We flipped back to find the same characters, but framed to appear closer to the reader. I said, "Oh, that Snow White isn't little, she's just farther away."

She furrowed her brows at the picture for a moment, then said, "She is little."

"Yes, she looks smaller because she's farther away. This one looks bigger because she's so close."

The girl looked at me like I was crazy. "This," she said pointedly while pointing, "is a big princess. And this," jabbing her finger at the other page, "is a little princess." She bent and rumpled the pages so that we could see both at the same time. Of course, she was right. One of the drawings of Snow White was a smaller figure than the other. I knew that the artists had done this to represent perspective in a two-dimensional depiction, but when the ink hit the paper, as this girl was accurately pointing out, they were, objectively, different sizes: one large and one small.
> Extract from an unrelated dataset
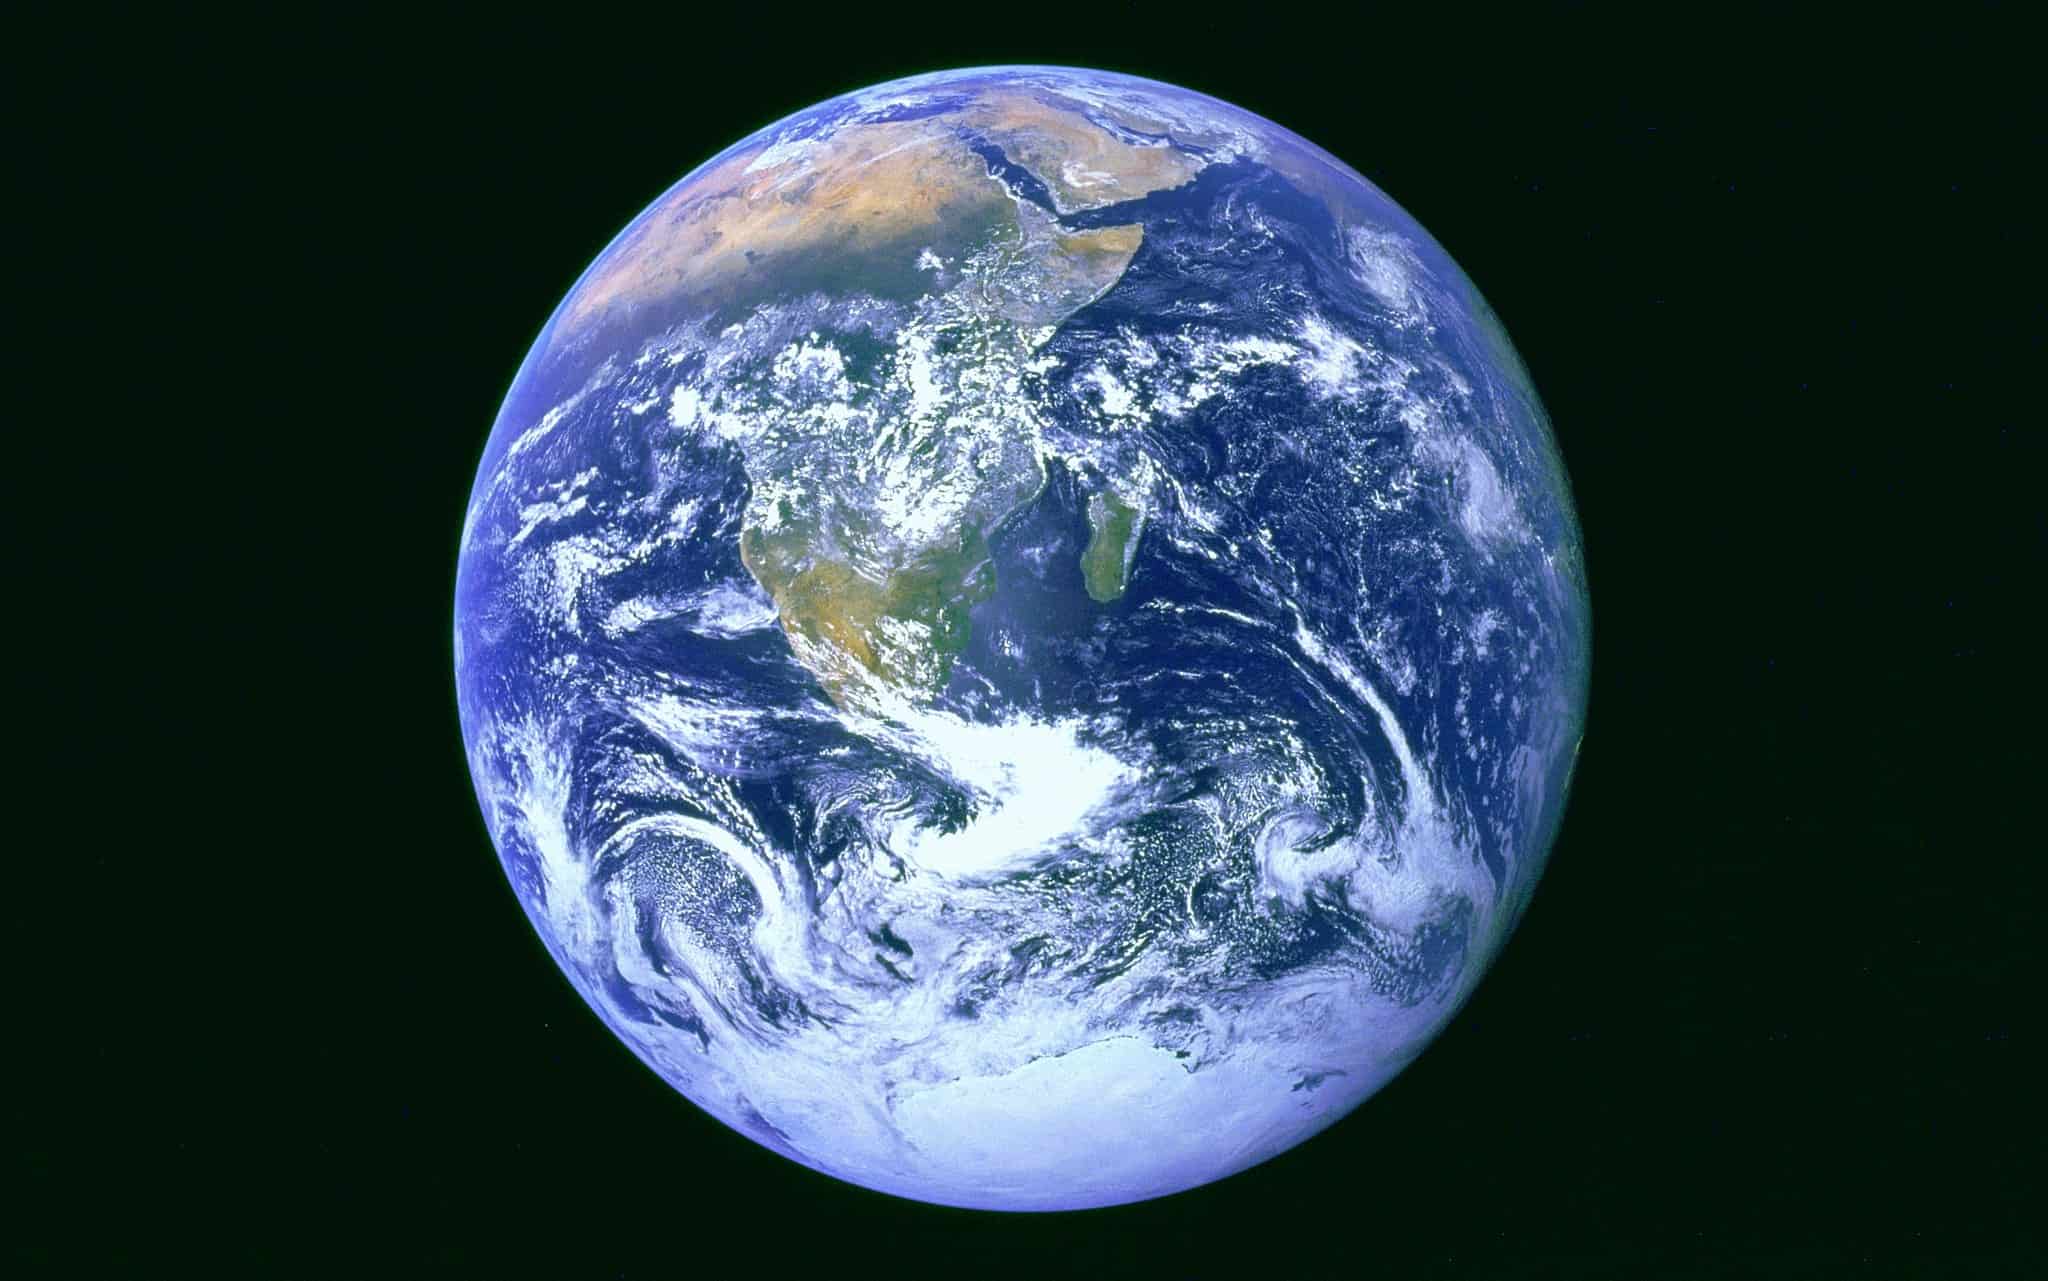 אילוסטרציה: תמונה של כדור הארץ מהחלל (צילום: NASA mission Apollo 17)

I had simply bought into an artistic convention for creating the illusion of depth. I was the one seeing what was not there. She, in this case, was the hard-headed pragmatist. I said, "You're right. This princess drawing is small and the other one is big."

Satisfied with my capitulation to reality, she returned to the the project of talking our way through the book. "I like the big one better. She's nicer."

"I think she looks worried."

She studied the big face for a moment, then flipped to the page with the small princess. "She looks worried AND nice, but the little one has a mean face. See?" 

"I think her face is like that because she's disappointed with the dwarfs. They did something she didn't like."

"She's the mean one."

I should have seen this one coming, but I stepped right into it, "Well, she's the same princess. On this page she's feeling worried and nice, then on this page she's feeling frustrated."

"They are not the same. This one is nice and this one is mean."

And again, she was right. I wasn't seeing what was on the page like she was -- two similar, yet distinct princesses -- but rather an illusion created by the convention of representing characters on sequential pages to represent a person doing and feeling over time.

It reminded me of the line from The Little Prince, "The grown-ups never understand anything by themselves, and, for children, it's tiresome giving them explanations." And indeed she had seemed somewhat exasperated with me. So much of what we perceive as the "real world" are illusions of this sort, fictions upon which we've built our collective perspective on how the world works. There was a time, most of human existence in fact, when artists didn't understand creating perspective on a 2-D surface and the rest of us would have been incapable of seeing it even if they did. The whole idea of a world being contained within the pages of a book would have been beyond comprehension. We like to think of ourselves as realists, but since, as this girl shows, reality is always a matter of perspective, we really live in a world of illusion. 

It's a shame that so much of what passes for teaching is simply "correcting" children when they are "wrong," compelling them to adopt our own staid, agreed upon illusions about a world that can change with the turn of a page. What if we honored children's illusions as much as we honored our own? Imagine what we might discover about ourselves and our world.